During the hackathon, NERSC staff were on hand to provide optimization strategies, help users use coding tools and answer questions. Attendees did the work of refactoring code to make it run faster, and remote viewers were able to follow along and pose questions via a chat interface.
“This was a great learning opportunity for users who are trying to figure out how to optimize their codes for Cori,” said Richard Gerber, NERSC User Services Group lead. They got to learn about optimization strategies and were introduced to new tools that will help them do this.”
For example, many attendees had their first look at Intel’s VTune Amplifier, a performance analysis tool targeted for users developing serial and multithreaded applications.

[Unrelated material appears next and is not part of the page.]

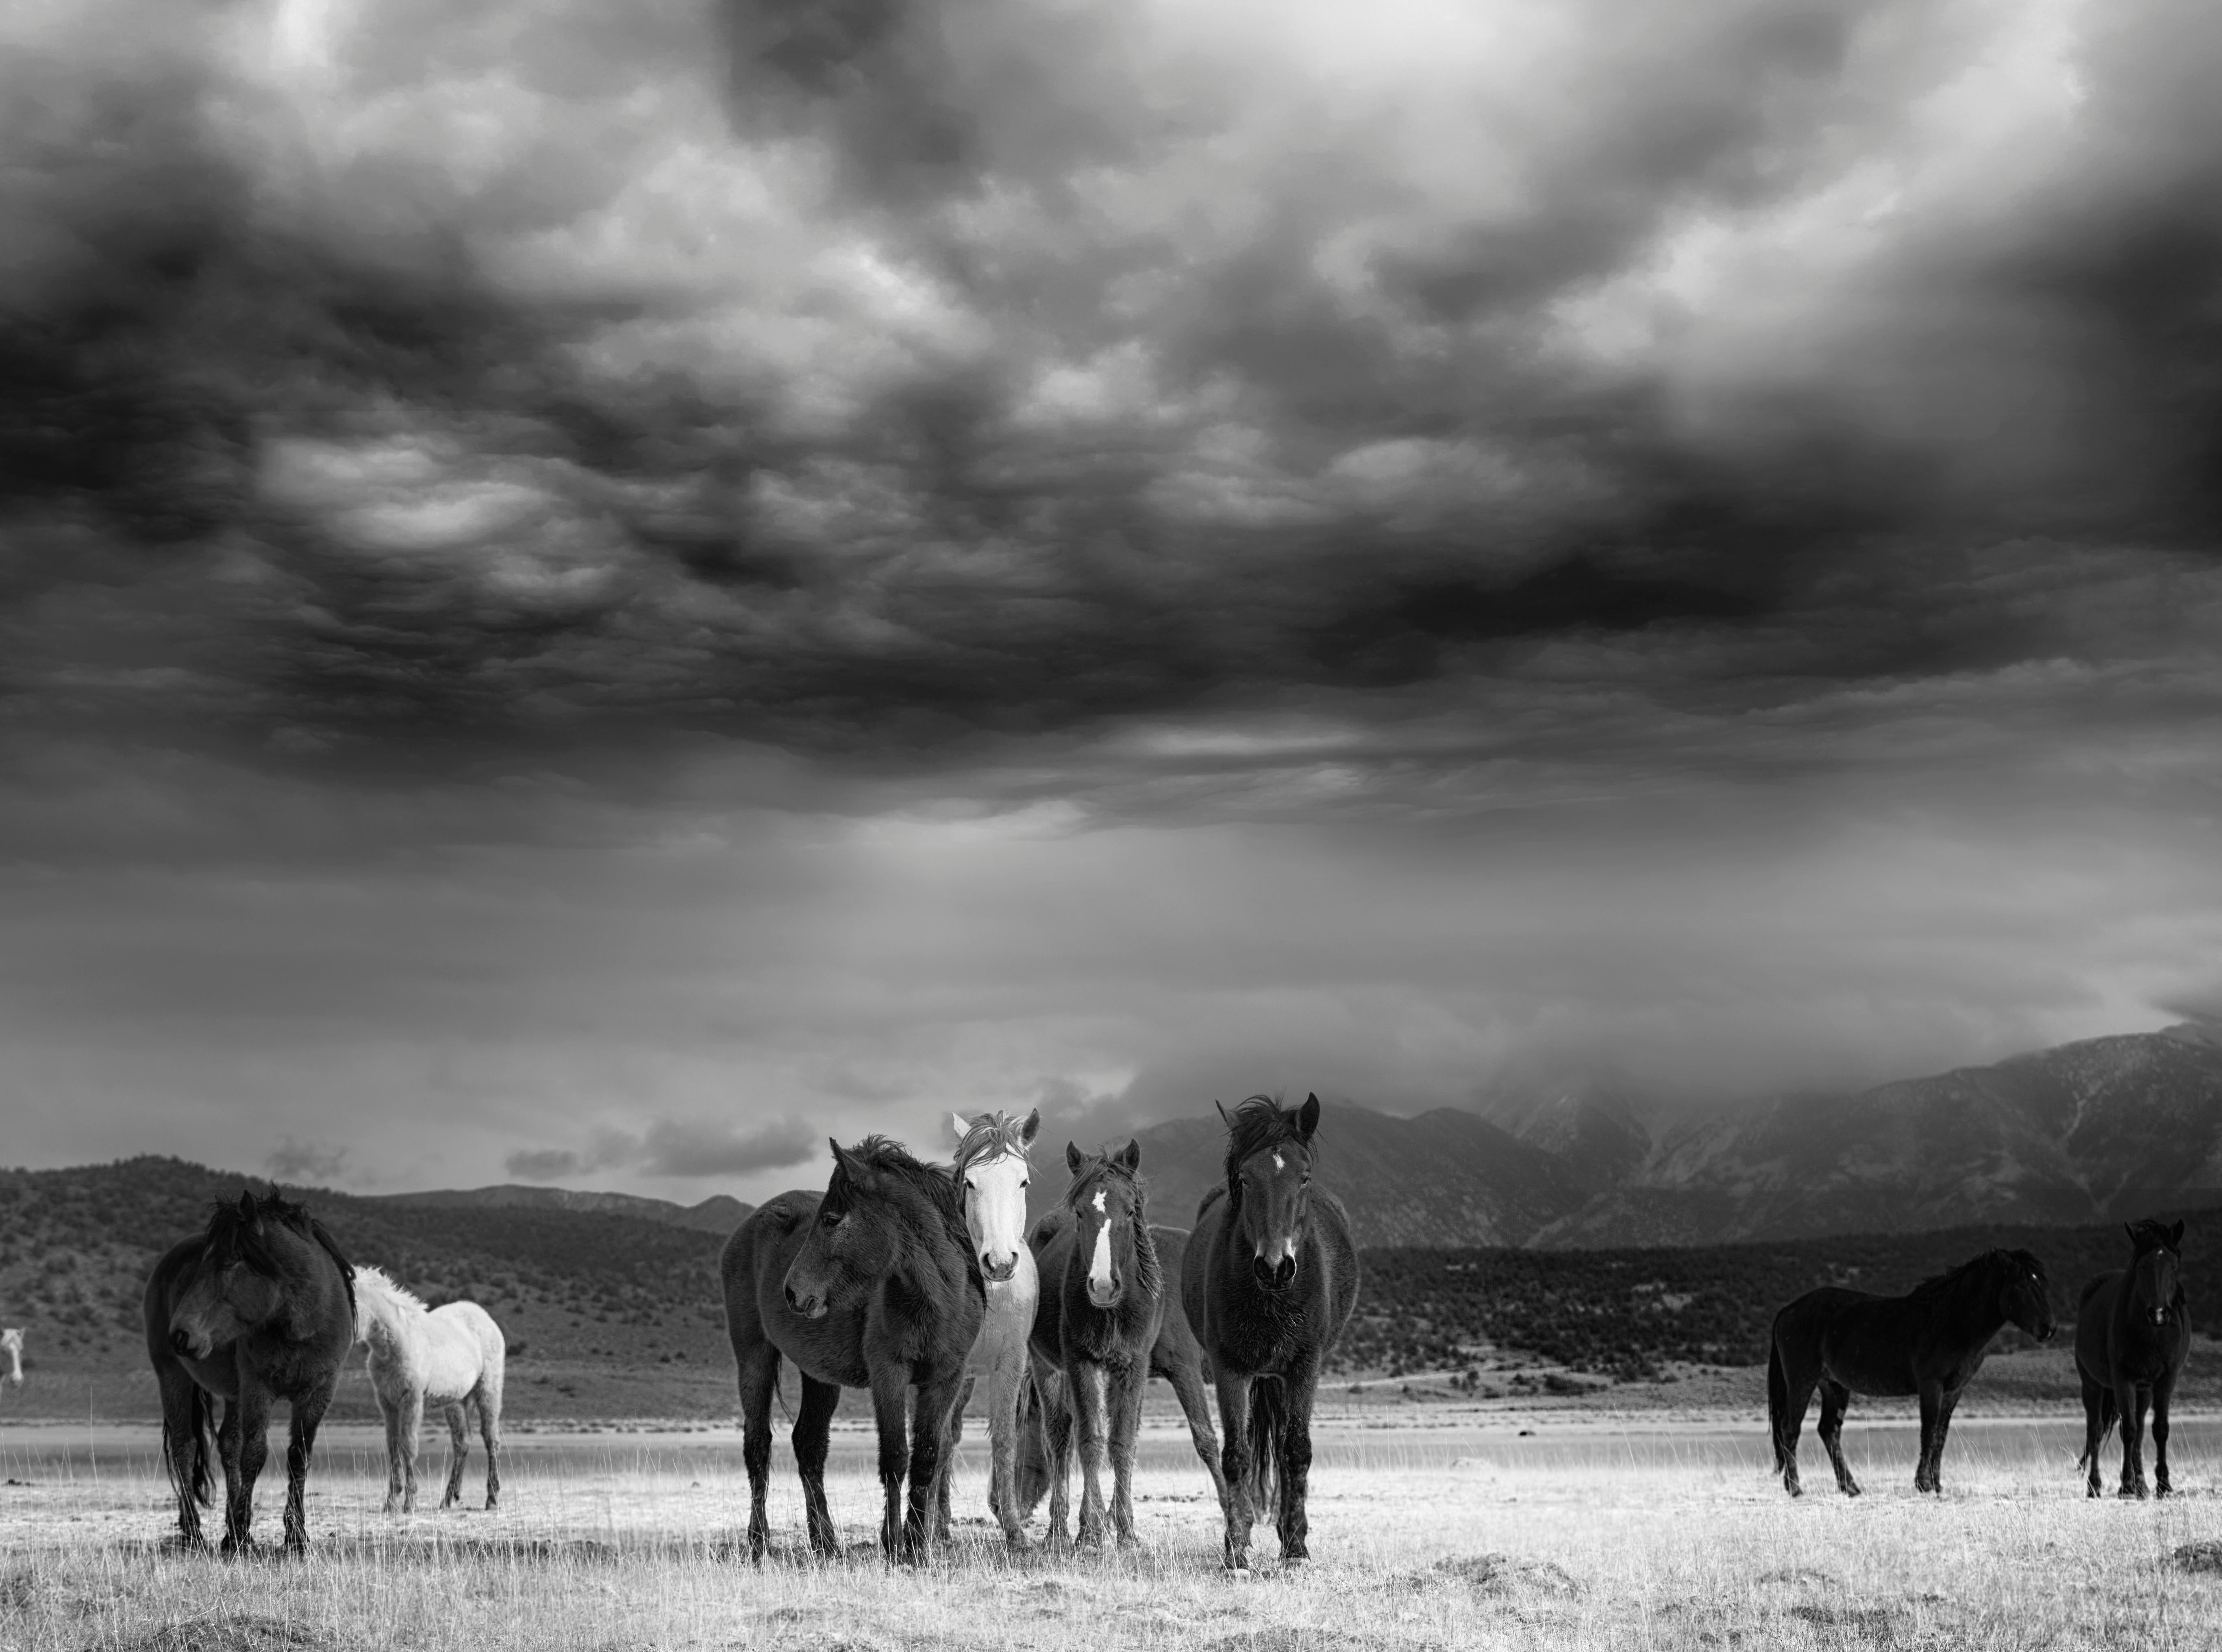 Animal Print Shane Russeck - "The Calm" 28x40 Photographie en noir et blanc signée de chevaux sauvages, Mustangs  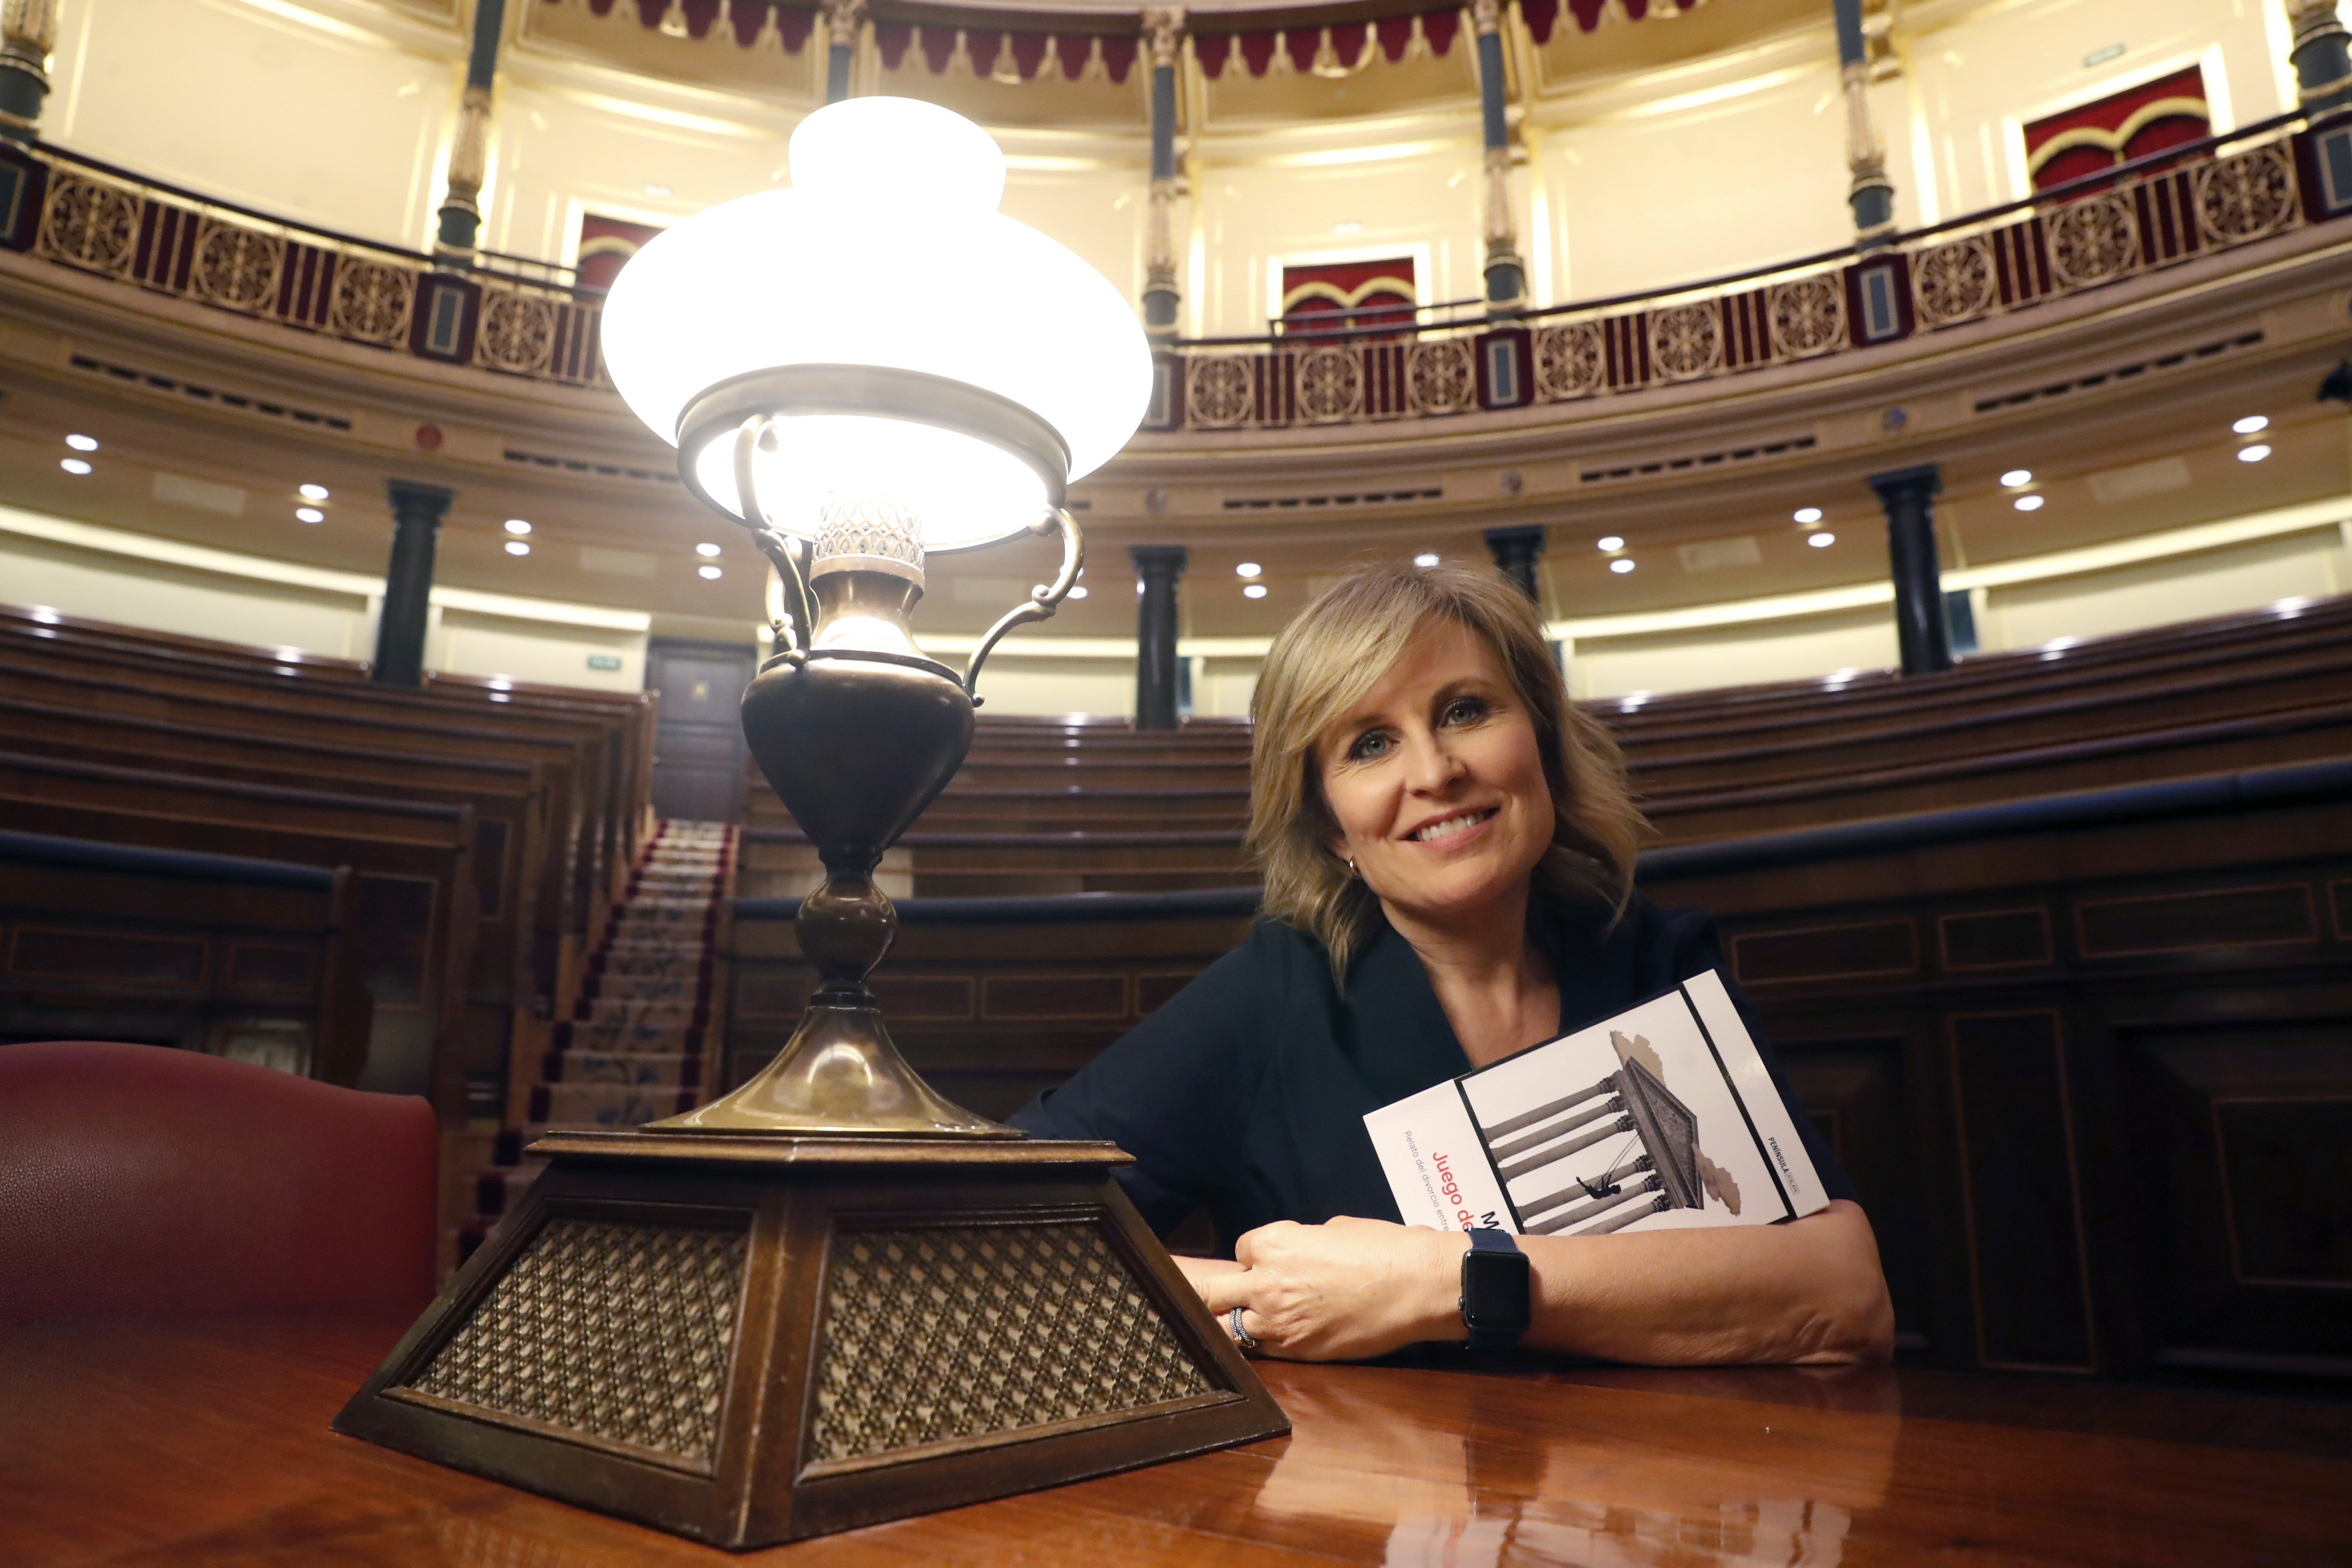 La periodista Maria Rey posa en el Congreso de los Diputados tras la presentación de su libro sobre la vida parlamentaria española

One attendee used VTune to identify a hot loop in his code and to determine whether he was bound by memory bandwidth. The code contained a large number of flops and instructions but was not being vectorized due to a loop dependence:
for (many iterations) {
… many flops ...
et = exp(outcome1)
tt = pow(outcome2,3)
IN = IN * et +tt
}
Experts from NERSC and Intel helped him restructure the code so that the flop-intensive loop no longer contained the IN variable dependence by creating temporary arrays et(:) and tt(:) and then computing the value of variable IN in a separate loop. This change enabled the flop-heavy loop to vectorize and sped up his entire application run by 30 percent.
“When asked at the end how many people would use VTune in the future on their own, I believe all attendees raised their hands,” said Jack DeSlippe, an HPC consultant at NERSC who led the hackathon.
Some attendees also participated in a hackathon competition using NERSC’s canned kernels. Balint Joo of Jefferson National Accelerator Facility was the winner. Balint was able to identify the hotspot in the unoptimized bgw.f90 kernel, add OpenMP and use VTune’s bandwidth collection capability to identify that the source of imperfect OpenMP scaling was poor memory locality. He then reordered loops and eventually got a roughly 12x speedup over the original (non-threaded) code.
Based on the success of the hackathon and feedback from users, NERSC plans to hold additional code optimization hackathons this year.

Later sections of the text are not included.